Adjudication of LLP Penalties under new Limited Liability Partnership (Amendment) Rules, 2022

The following are the adjudication of LLP Penalties:

  • Rule 37A: Adjudication of penalties: 37A provides for the adjudication of LLP penalties. Any officer can be appointed by the Central government not below the rank of Registrar as adjudicating officers for adjudicating penalty under the LLP Act. An order could be passed by the adjudicating officer of penalty against an LLP after sending notice and hearing the concerned person of the LLP.
  • Rule 37B: Appeal against order of adjudicating officer: An appeal can be filed by LLP within 60 days of passing the order by the adjudicating officer in form 33 LLP.
  • Rule 37C: Registration of appeal: This rule states the regional director’s office will register the appeal and give a serial number when it is in order. The regional director will also notify the adjudicating director against whose order an appeal is filed.
  • Rule 37D: The Disposal of appeal by the Regional Director: Under this rule the parties will be heard by the adjudicating officer and pass an order in writing. The order passed by the regional director will be communicated to the adjudicating officer, the appellant and the Central Government.

Amendments in the Fees for LLPs under new Limited Liability Partnership (Amendment) Rules, 2022

The LLP (Amendment) Rules, 2022 consist of following amendment regarding Fees applicable:

  • Fees Applicable for LLP Registration

Charges for registering a Limited Liability Partnership also for converting a business or a private company, or an unlisted public company into a Limited Liability Partnership is stated in the (Amendment) Rules, 2022 

Serial No LLP Contribution Fees Applicable
1 Limited Liability Partnerships (LLPs) with a contribution of less than Rs. 1 lakh.
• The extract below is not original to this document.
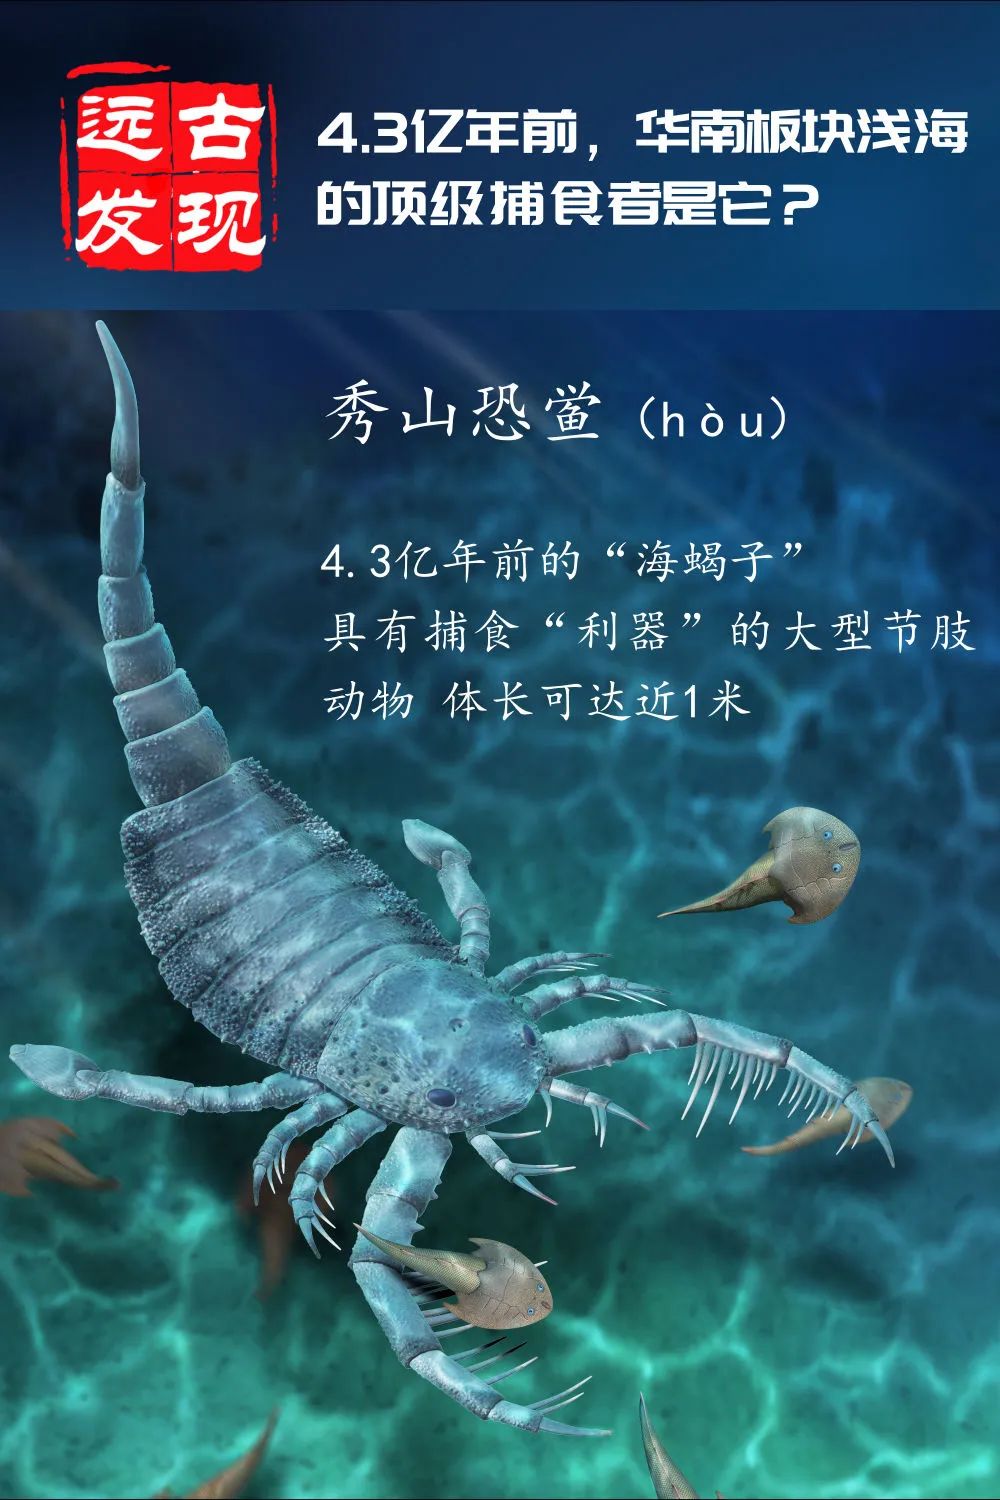 海洋中的板足鲎是一种重要的节肢动物,它们形似蝎子,故俗称"海蝎子"
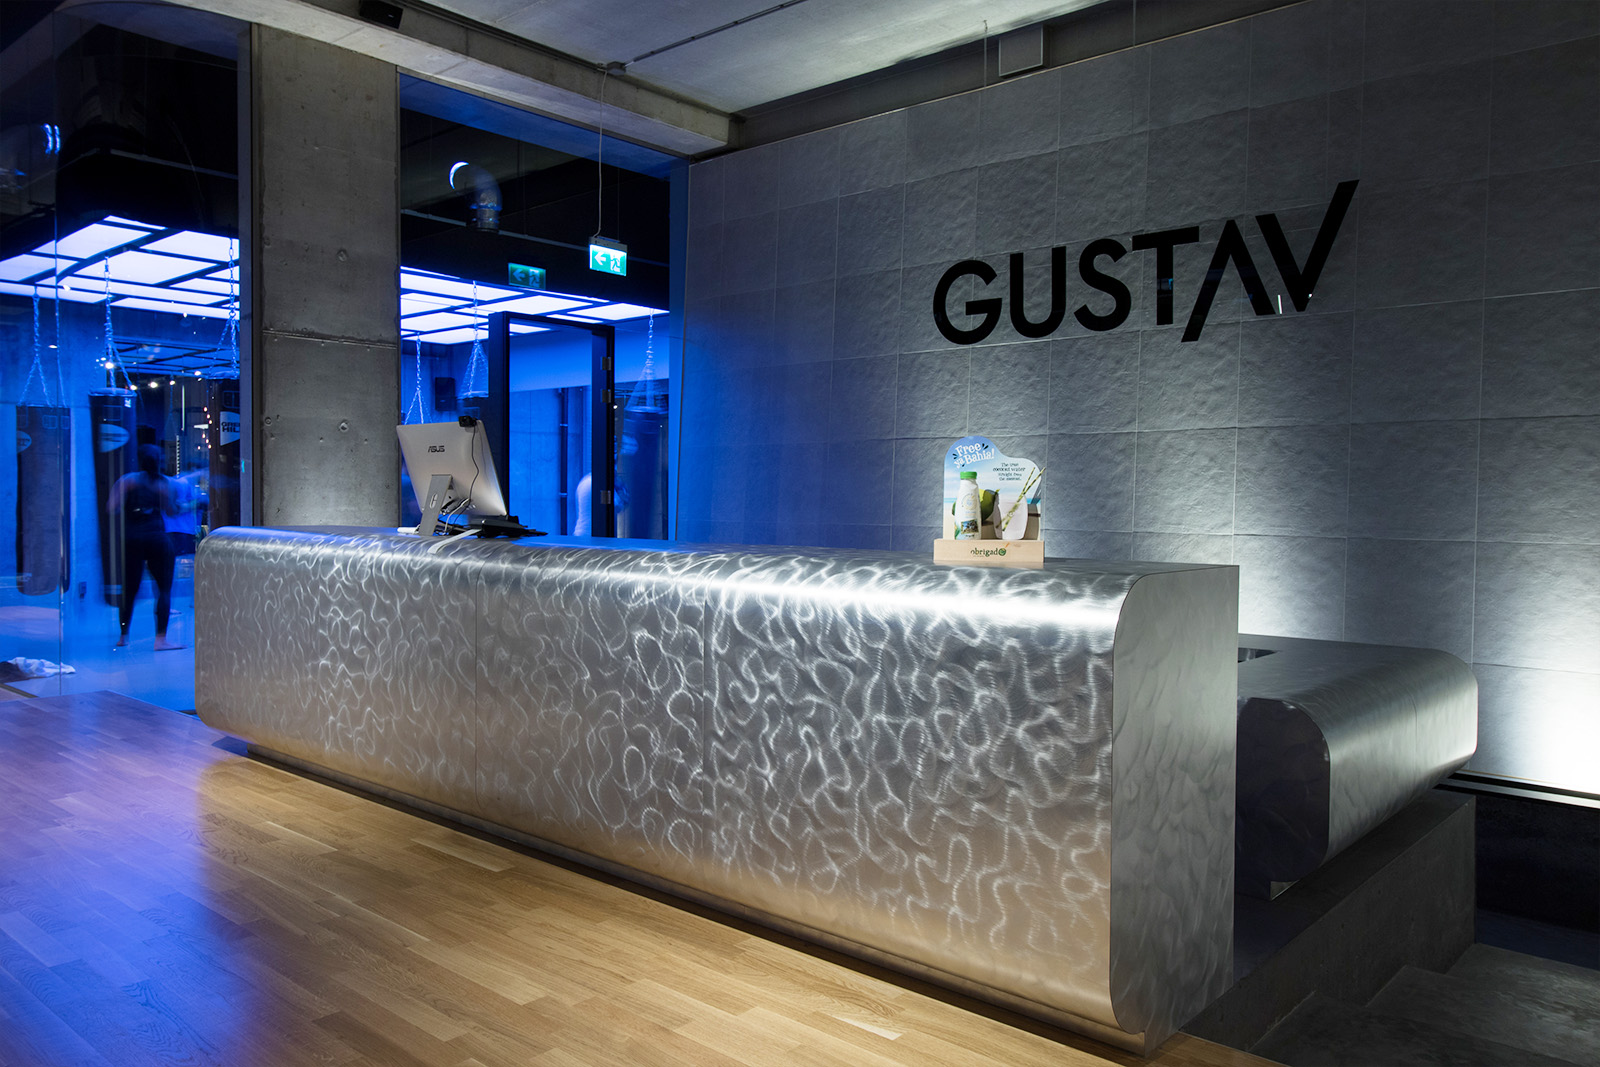 Gustav Gym Amsterdam

Rs 500
2 Limited Liability Partnership (LLP) with a contribution of more than Rs. 1 lakh but less than Rs. 5 lakhs Rs. 2000
3 Limited Liability Partnership (LLP) with a contribution of more than Rs. 5 lakhs but less than Rs. 10 lakhs Rs 4,000
4 Limited Liability Partnership (LLP) with a contribution of more than Rs. 10 lakhs but less than Rs. 25 lakhs Rs 5000
5 Limited Liability Partnership (LLP) with a contribution of more than Rs. 25 lakhs but less than Rs. 1 crore Rs 10000
6 Limited Liability Partnerships with a donation of more than one crore rupees Rs 25000

Fees that is Applicable for filing LLP Forms

Fees that is applicable for filing, registering, or recording any document, form, statement, notice, Statement of Accounts and Solvency, annual return, and application for conversion of a firm, a private company, or an unlisted public company into an LLP required or authorised to be filed, registered, or recorded by the Act or by these rules.
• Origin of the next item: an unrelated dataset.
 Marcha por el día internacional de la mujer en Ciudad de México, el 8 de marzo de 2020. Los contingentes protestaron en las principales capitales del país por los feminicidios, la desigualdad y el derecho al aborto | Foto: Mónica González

Serial No  LLP Contribution Fees Applicable
1 Limited Liability Partnerships (LLPs) with a contribution of less than Rs. 1 lakh Rs 50
2 Limited Liability Partnership (LLP) with a contribution of more than Rs. 1 lakh but less than Rs. 5 lakhs Rs 100
Limited Liability Partnership (LLP) with a contribution of more than Rs. 5 lakhs but less than Rs. 10 lakhs Rs 150
Limited Liability Partnership (LLP) with a contribution of more than Rs. 10 lakhs but less than Rs. 25 lakhs Rs 200
5 Limited Liability Partnership (LLP) with a contribution of more than Rs. 25 lakhs but less than Rs. 1 crore Rs 400
6 Limited Liability Partnerships with a donation of more than one crore rupees Rs 600

Conclusion

The LLP (Amendments) Rules, 2022 have introduced certain important changes in the incorporation, management, and winding up of LLPs. These changes are aimed at promoting ease of doing business and improving corporate governance in LLPs. It is important for existing and prospective LLPs to be aware of these changes and comply with the requirements under the amended rules. The amendments are expected to further boost the popularity of LLPs as a business structure in India.